第8話

 夜は短く、朝はすぐに来るものだ。

 社会人にしろ、学生にしろ、次の日がのんびりできないことで憂鬱になる人は多いだろう。

 日曜日の夜を睡眠だけに費やすのがもったいなくて、ついつい夜更かししてしまう……なんてこともよくあることではないだろうか。

 現に今、俺がその状況に陥っていた。

 寝るべきだとは自覚しつつ、されど睡魔に負けるものかとあれこれ考え事で時間を浪費する。

 浪費と言えど、思考すること自体に無駄がある訳ではない。

 思考の題材の答えの行き着く先を分かりきっていながら、あれこれごねていることが無駄なのである。

 

「はぁぁ……。学校、嫌だなぁ……」


 こういう鬱屈うっくつな気分の時は、楽しいことを思い出すのが一番だ。

 が、そうそう楽しい思い出は簡単には思い起こしたりなど……。


「いや、待てよ。あるじゃないか。楽しいことというより、楽しみなことだが」


 俺は浮ついた気分で、鞄にテレビゲームのソフトを突っ込むのだった。

 

   *


「おはよう」


 と、通学途中で背後から眠そうな声が掛かる。

 声の主が男であることと、通学時間帯が遅刻すれすれであることから、俺は背後に迫る自転車の運転手が誰かを悟った。


「今日も今日とてギリギリを責めるね、春人」

「早く登校してもやることないんだから、ならギリギリまで家でのんびりしていた方がお得ってもんよ」

「どうせ、ゲームしかしてないだろうに」


 俺は「うるはいなぁ」と欠伸しながら答える友人を、横目に見遣った。

 この極度のゲーム好きの男の名前は、加納春人かのうはると。

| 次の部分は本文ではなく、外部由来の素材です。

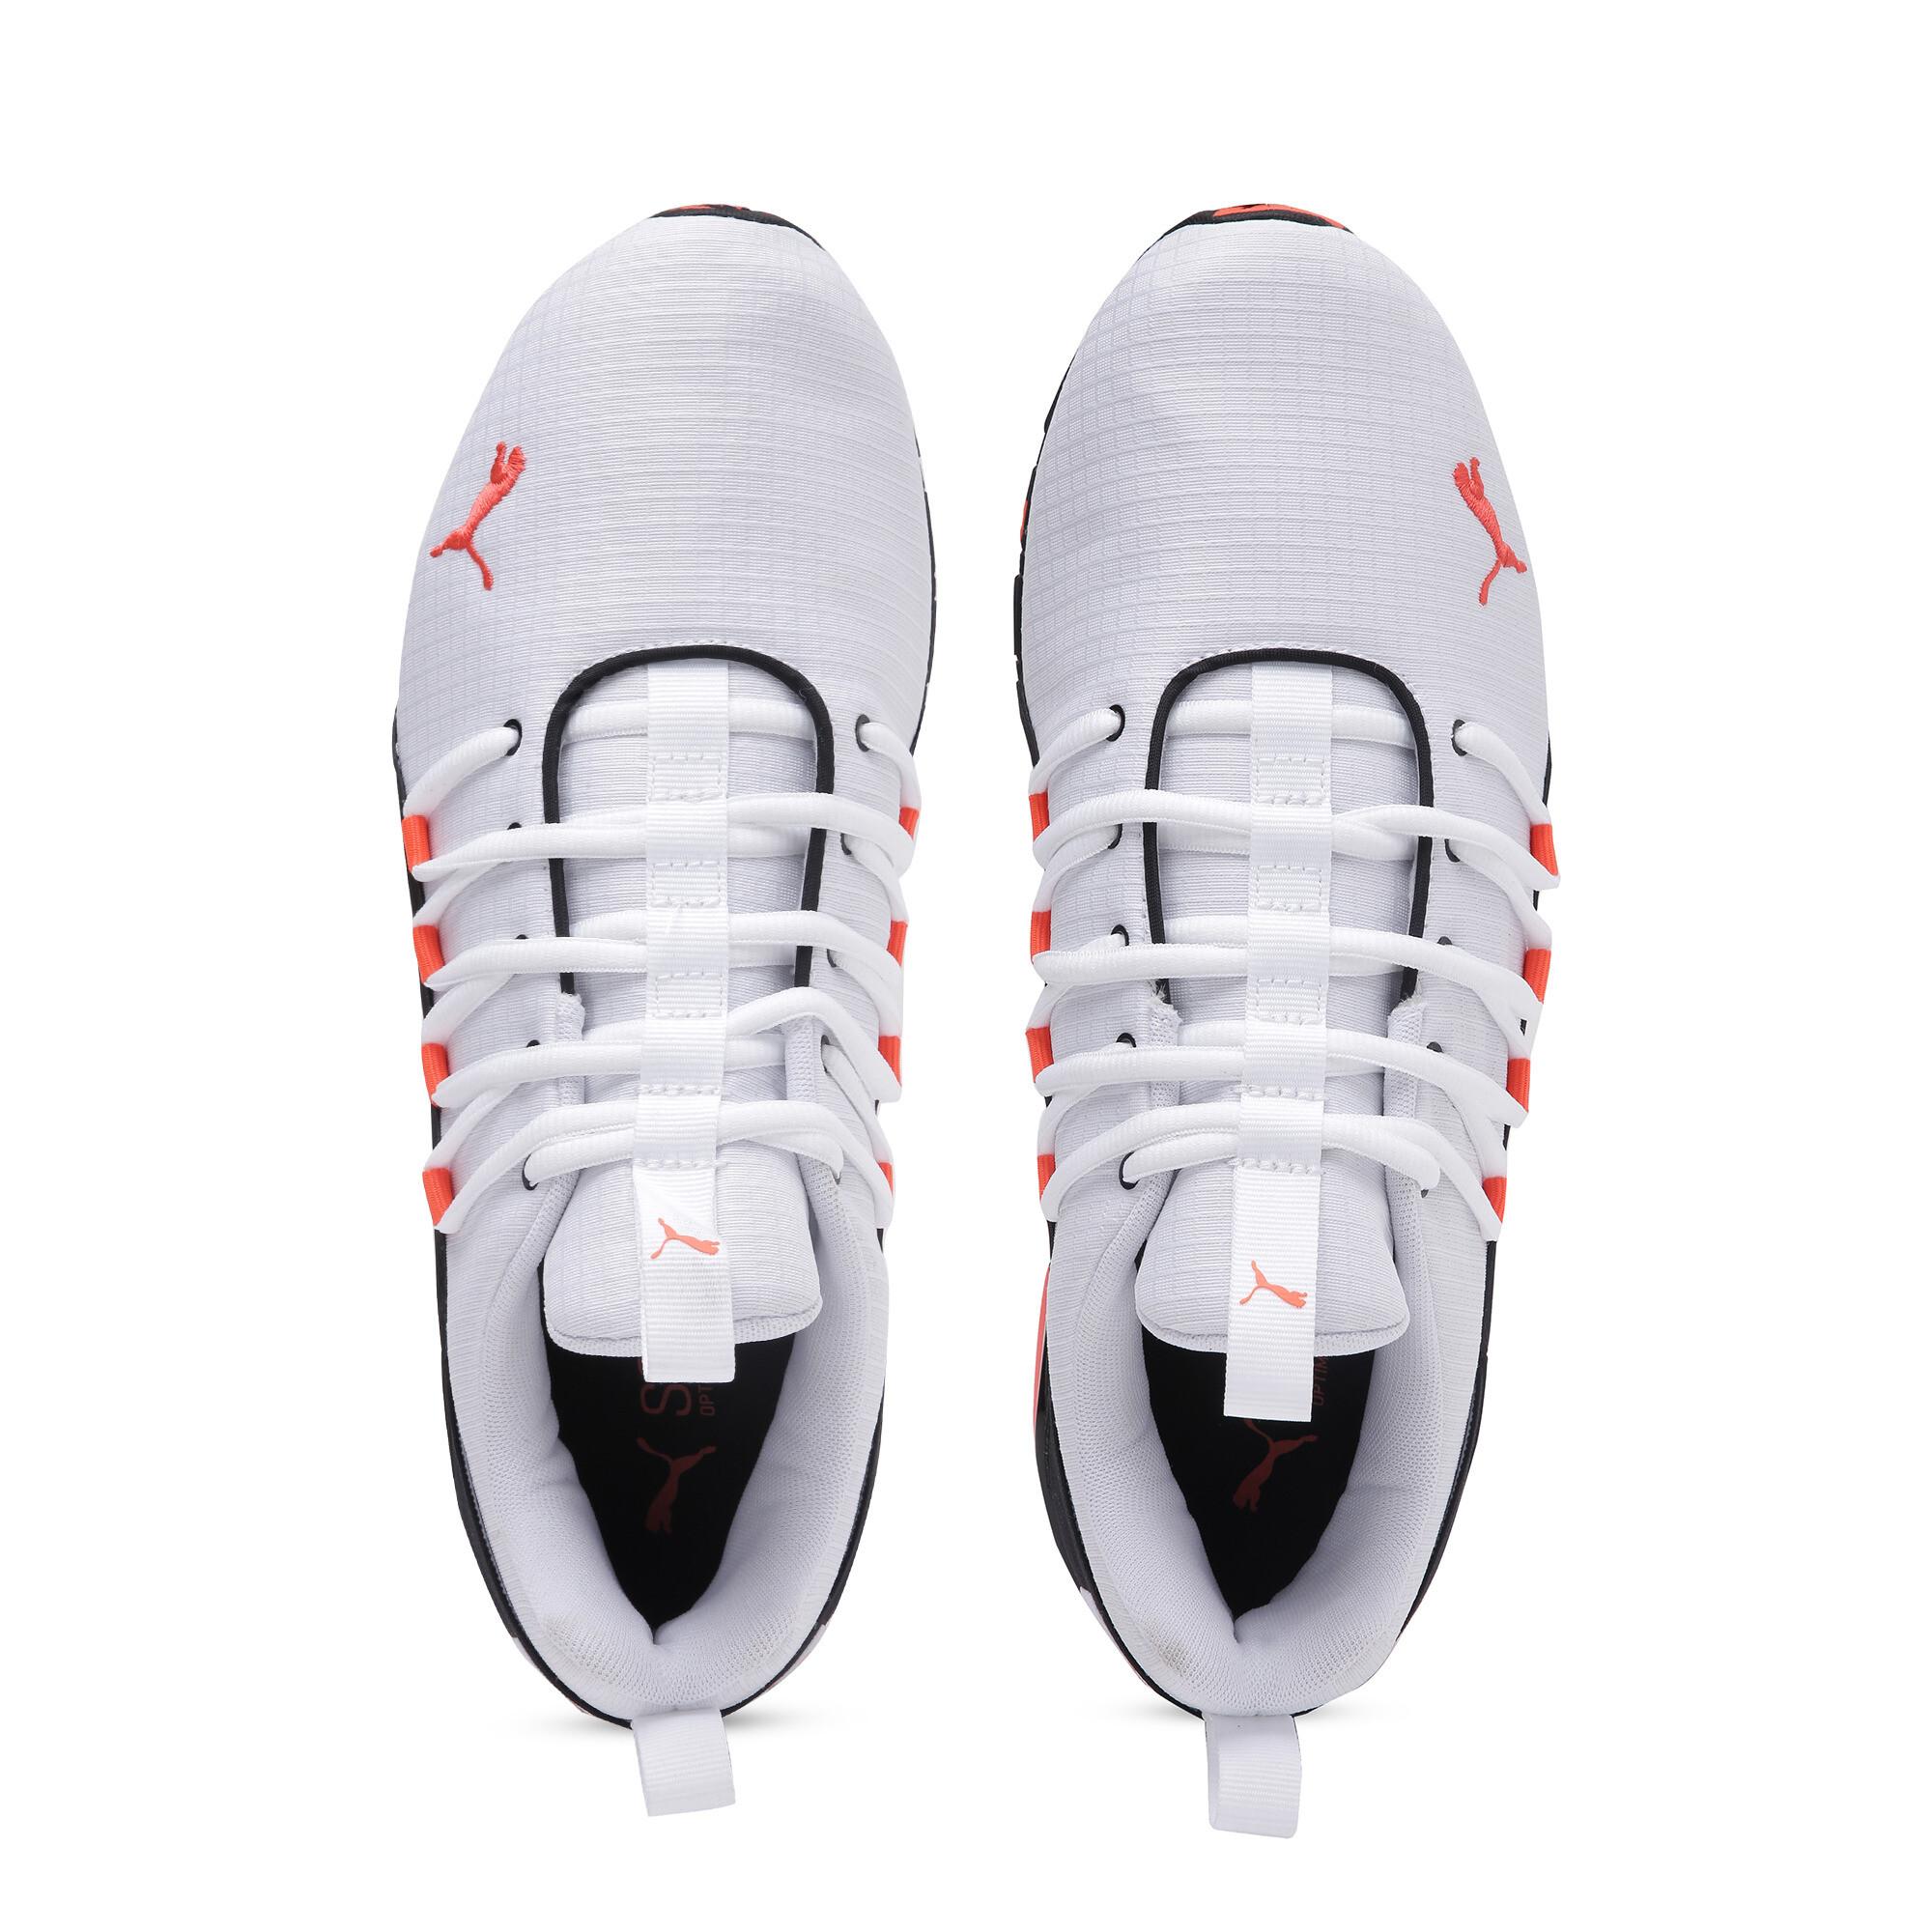 PUMA-Men-039-s-Axelion-Rip-Training-Shoes thumbnail 8
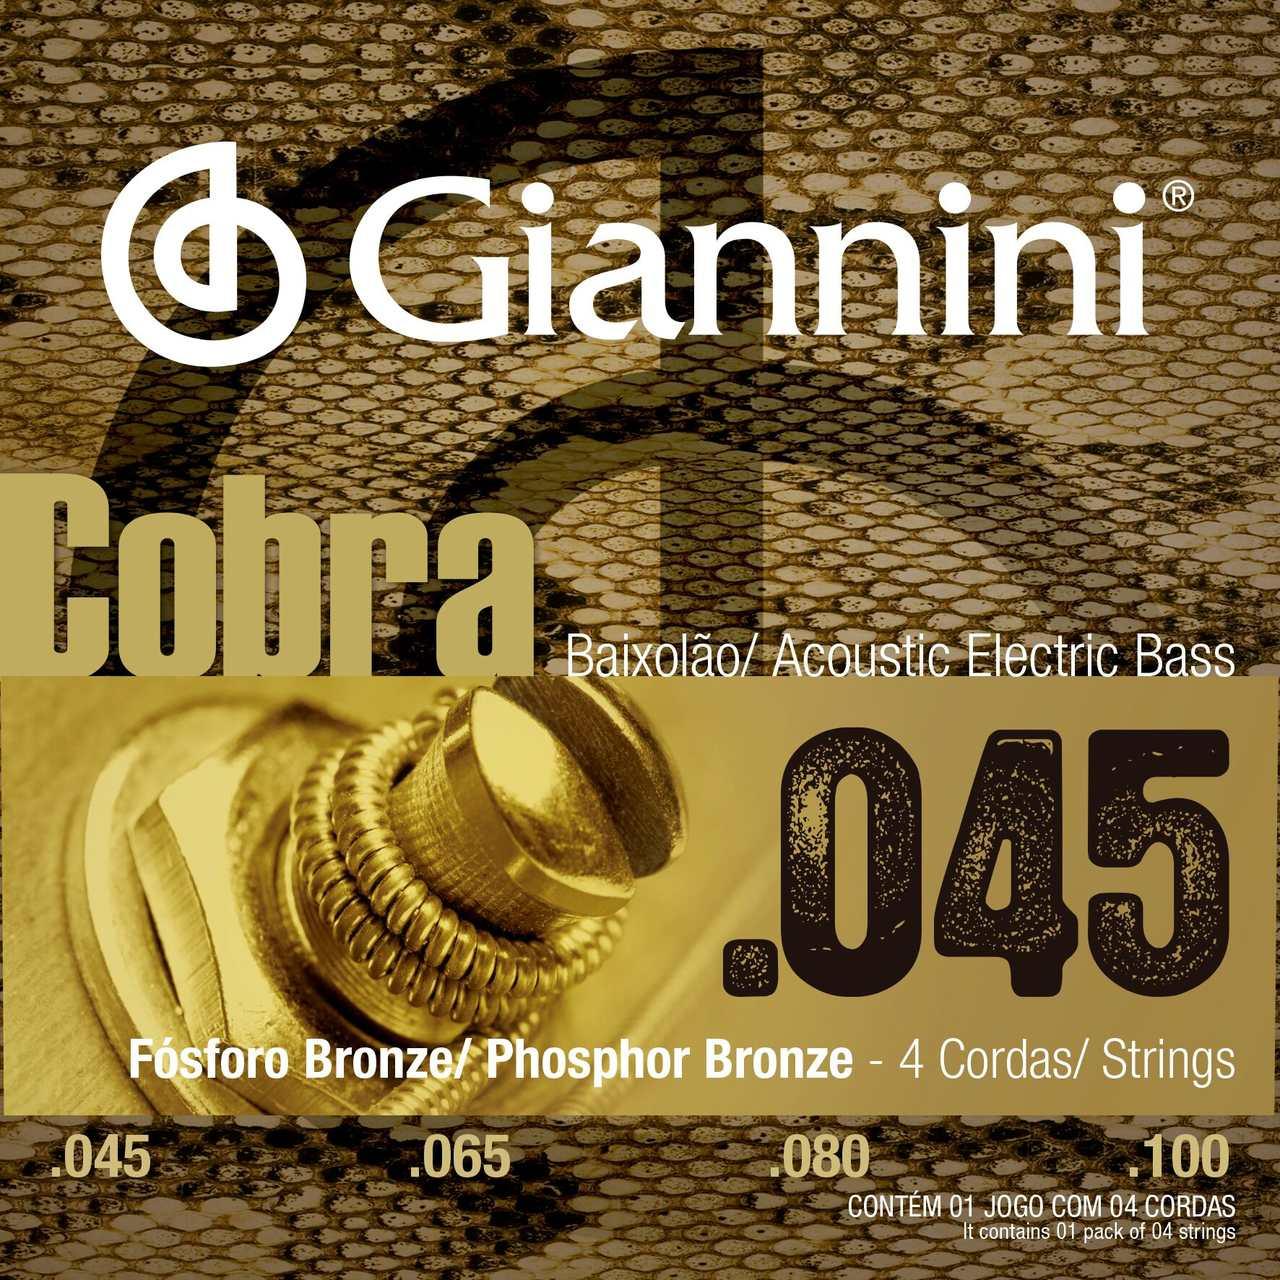 "Encordoamento p/Baixolão Giannini 4c Fósforo Bronze 0.045/0.100"" - GEEBASF"

三大欲求すべてを投げ捨てでもゲームに走る、俺の幼馴染兼親友と呼べる男だ。

 いや、一か所訂正部分があるな。性欲はゲームで消化していると言った方が正しい。

 

「俺は寝ていただけだよ」

「それもゲームで夜更かししたのが原因だろ」

「まぁな」


 友人は躊躇いなく肯定する。

 自分がゲームをすることに、そしてゲームが好きであることに躊躇が一切ない。

 こいつの、好きなものに対して素直な生き方は少し羨ましく感じる。


「なぁ、春人」

「なんだ、三嶋」

「俺の名字は三嶋じゃねぇ」

「で、なんだ?」


 友人は俺の本名などどうでもいいと言いたげに、本題は何だと急かしてくる。

 実際、俺が三嶋と呼ばれている理由は大したことではない。小学六年の頃、偽名を名乗る自己紹介が流行り、その際俺が『三嶋』と名乗ったからである。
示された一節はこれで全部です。